Good evening. It’s been a while since I’ve put my thoughts to paper. Tonight has me feeling reflective. So I thought I’d write til my thoughts are exhausted. I pray you are well, wherever you are.
This was the kind of week that had no breaks. None. Every day was long. Tuesday I spent almost $400 on new tires. Then my son’s school nurse called – he was sick with upper respiratory sinus junk. He’s been home all week, so I’ve worked from home all week. This was the kind of work week I like – full of learning new things, of reaching for new solutions. I love to learn. I love my job.
Friday, though, is what is on my mind tonight. On Friday, I had an accommodations meeting for my daughter at the High School where she is a Senior.
In preparation for this meeting I reached for a binder I made for her last year when she was undergoing inpatient treatment for depression and anxiety. I made a title page that says Stephanie’s Story. Included in this well-organized binder were basic program information sheets, attendance notes for multiple days missed, worksheets she had done in individual and family therapy, notes from psychiatrists and therapists, and at the very end – divorce/custody papers.
I hadn’t looked at this notebook in over a year. Looking through its contents reminded me of how far she’d come; it reminded me of how far we’ve come together. She went from depressed and anxious and cutting and low self-esteem to Miss bubbly 4.0 who almost has her cosmetology license and wants to be a pediatric nurse. You can read her backstory in a previous blog called Pocket Full of Shoestrings.
You see, in the middle of that rough patch, she decided she wants to be the kind of nurse who helps kids who need psychiatric care. So she is pursuing a cosmetology license in high school to pay her way through nursing school. I love it when God takes what was meant to harm us and uses it for good.
She inspires me.
It’s the last document in that binder, though, that has me thinking tonight: the divorce/custody papers.
Here are a few things I learned through divorce and custody issues:
- You cannot get over a divorce until you’ve owned your part of what went wrong.
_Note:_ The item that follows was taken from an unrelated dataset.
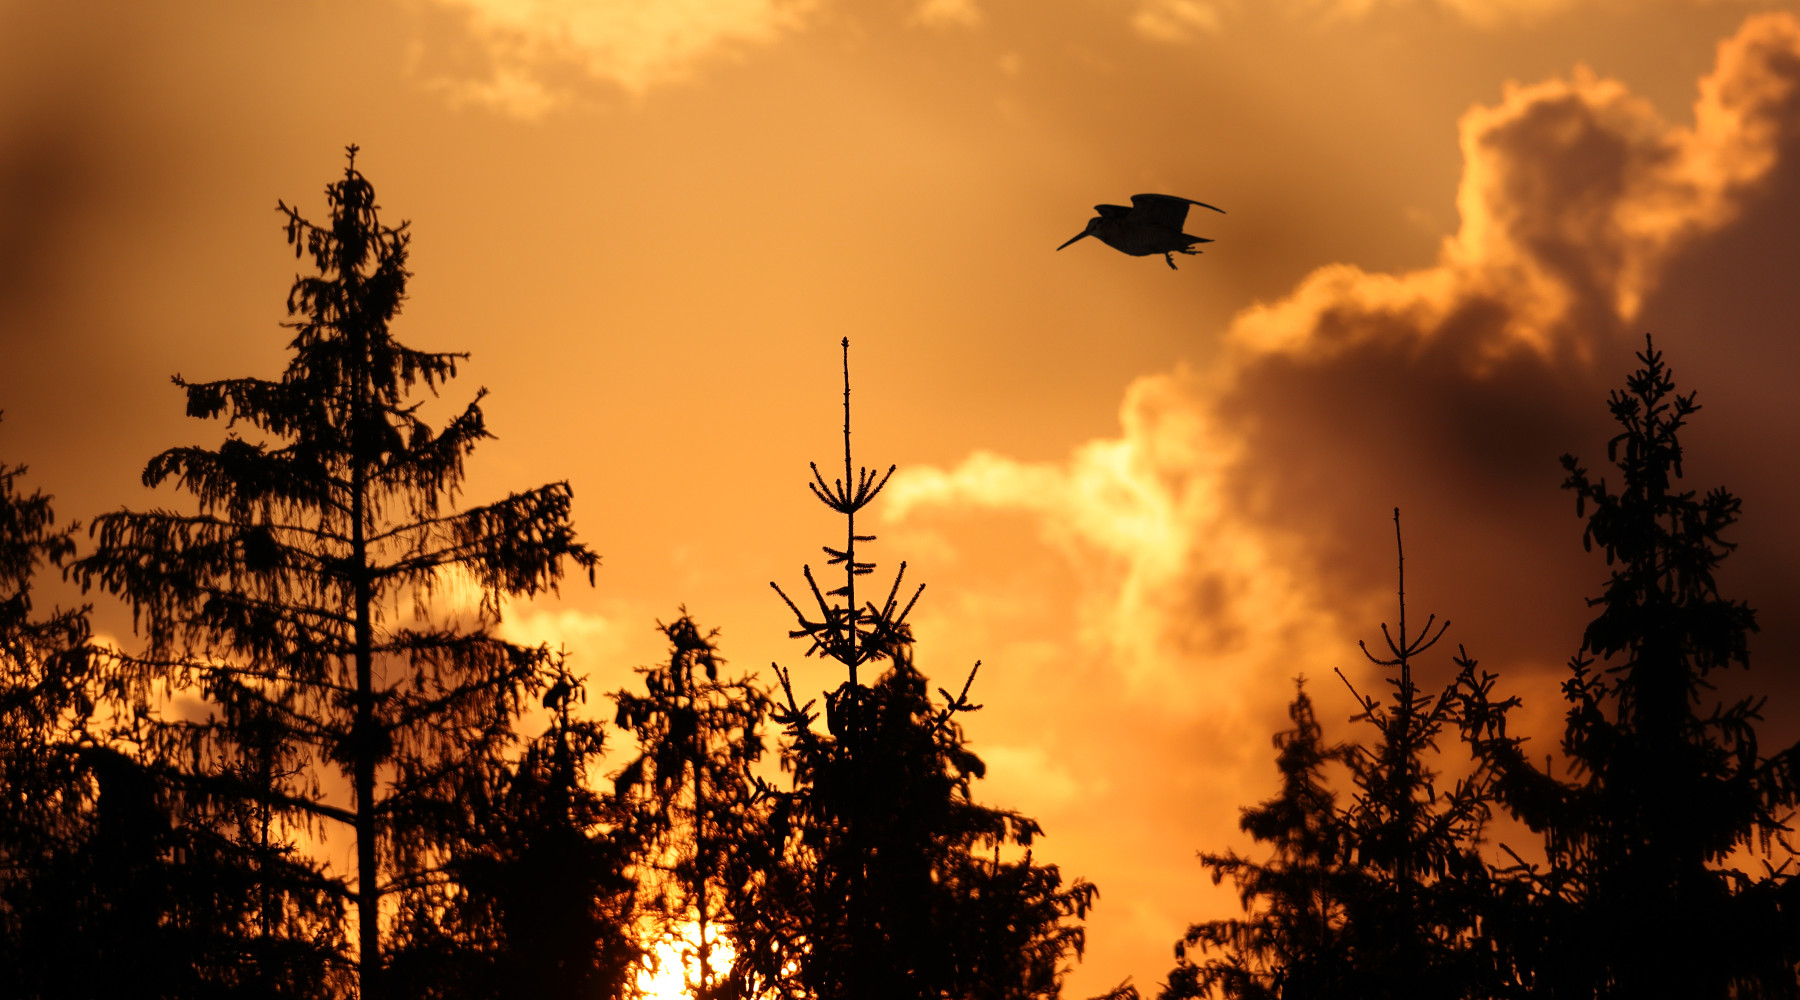 Conservazione delle specie migratrici: beccaccia in volo al tramonto

In my case, it was being too focused on ministry.
- Your only job is to love and advocate for your kids.
- Even if what happened on the weekend they’re with their other parent was less than wholesome, this needs to be the first thing out of your mouth after you say “I’ve missed you/I love you”: “Tell me about the best things that happened this weekend.”
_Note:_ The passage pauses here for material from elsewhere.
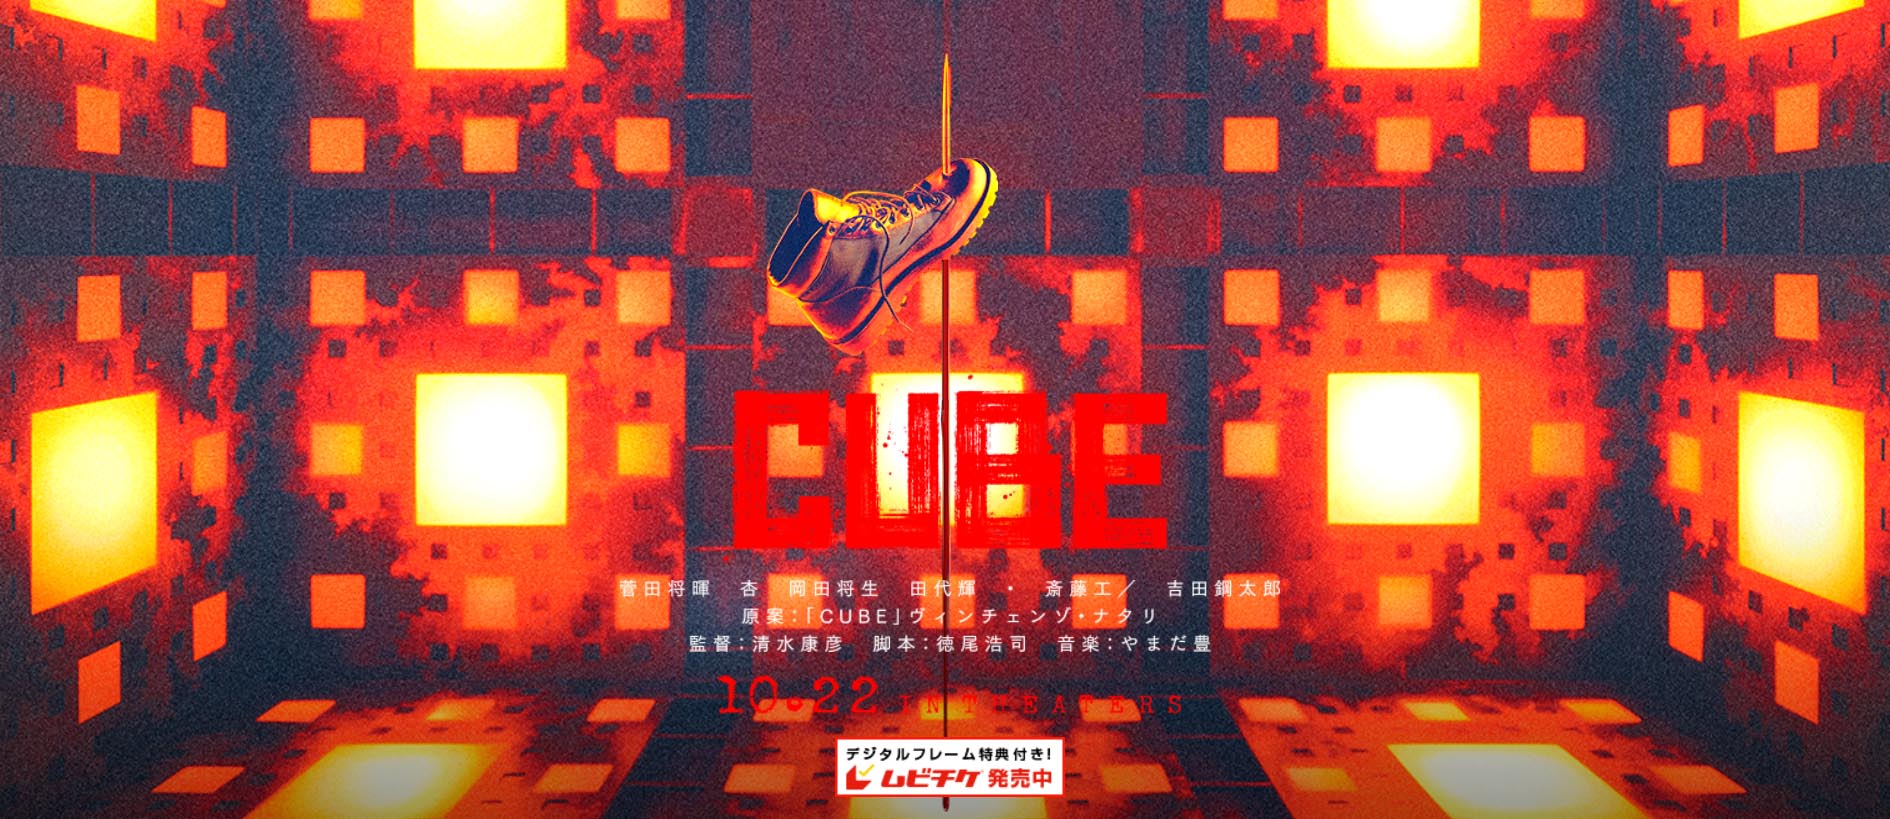 Preparado el remake japonés de ‘Cube’

- Pick your battles wisely – let some things go.
- Never put down the other parent in front of or to your kids. The kids will realize it themselves if the other parent is doing something on the not-approved list. Actions speak louder. Yours included.
- Safety first.
- Do something kind for yourself every single day. Be intentional. You deserve it.
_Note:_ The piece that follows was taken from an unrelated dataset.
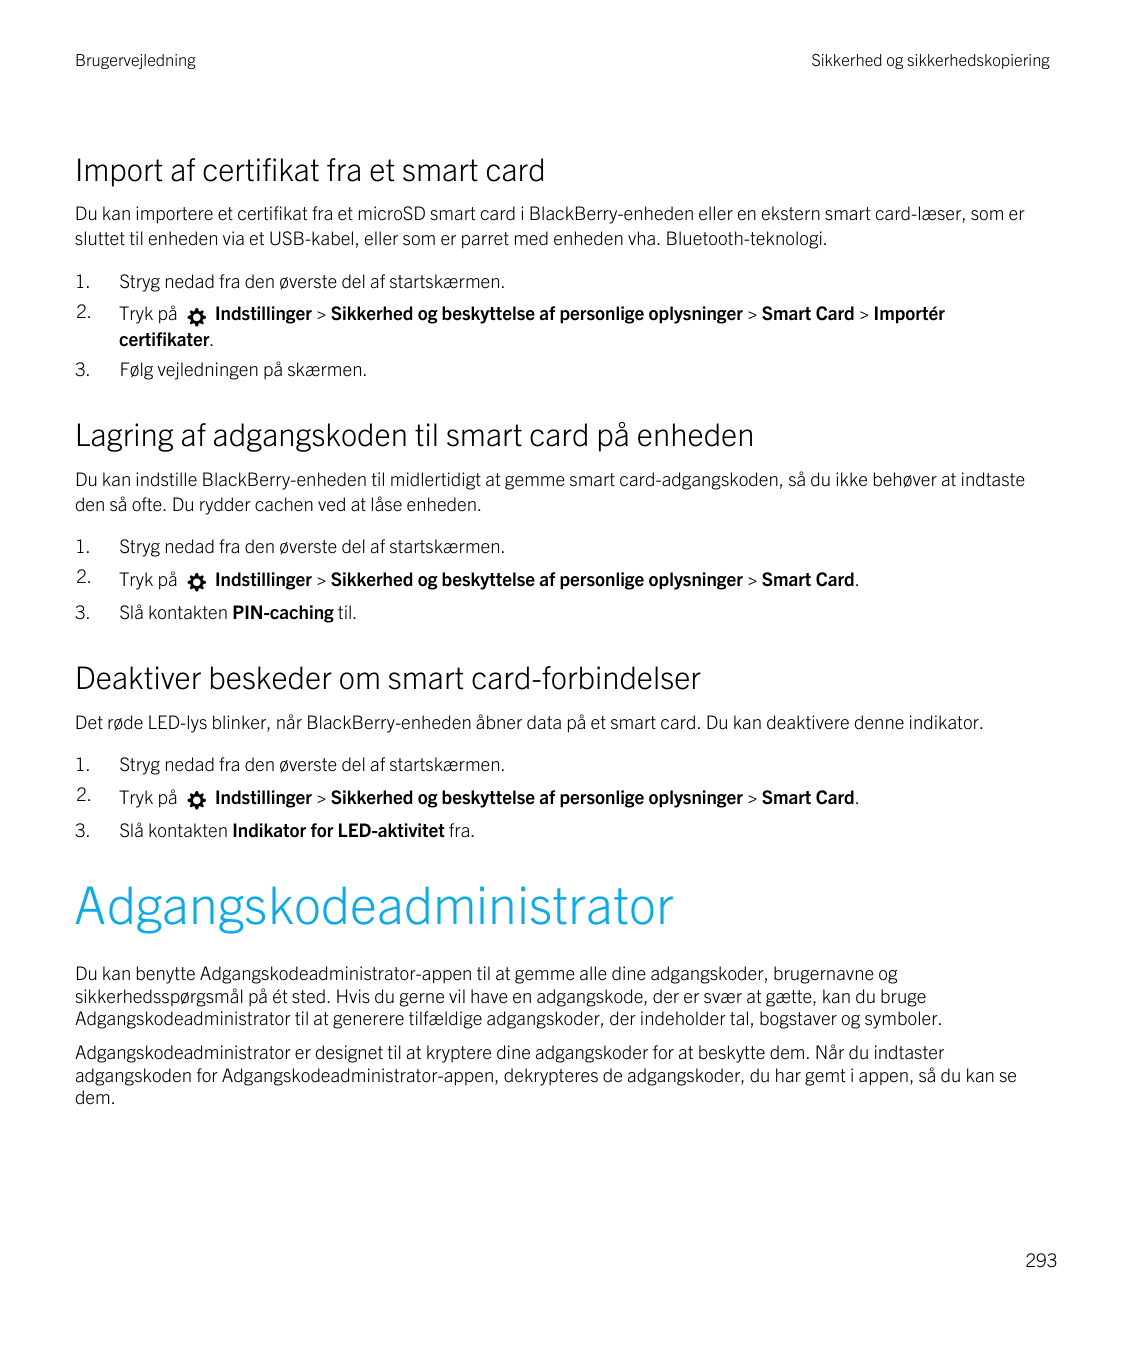 BrugervejledningSikkerhed og sikkerhedskopieringImport af certifikat fra et smart cardDu kan importere et certifikat fra et micr

- You deserve a break now and again. A vacation, even.
- Who you hang around is who you become like. Choose your friends and adult outings when the kids are away wisely.
- You are always a parent. You’re never off-duty. Even when they’re at the other’s house. Never be so impaired that you can’t pick the kids up at a moment’s notice.
- Create a support system. Church. Community. Friends. Family. Don’t skip this one.
- Write everything down (appts, financials, custody issues). You never know when you’ll need it.
- Play board games and have movie nights with your kids. Leave your cell on the charger in the other room.
- Be present.
- Don’t bring your dates around the kids until you are at least “Facebook official.” This assumes you’ve vetted them and have made sure you two are going to last.
- Remember that you’re not raising kids, you’re raising adults. Proceed with their future in mind.
I could go on.
The bottom line is, I’m at peace with who I am and where I am.
But don’t let my calm demeanor fool you. I’ve had many rough seasons over the past 15 years. My battles have been fierce and have taken a toll on me.
I learned, however, that losing is not an option, that I must keep moving forward, and that whatever I’m walking through is a life-season, not a life-sentence.
And now…I need a grande sugar-free pumpkin-spice latte made with coconut milk and 2 Stevias, si vous plait.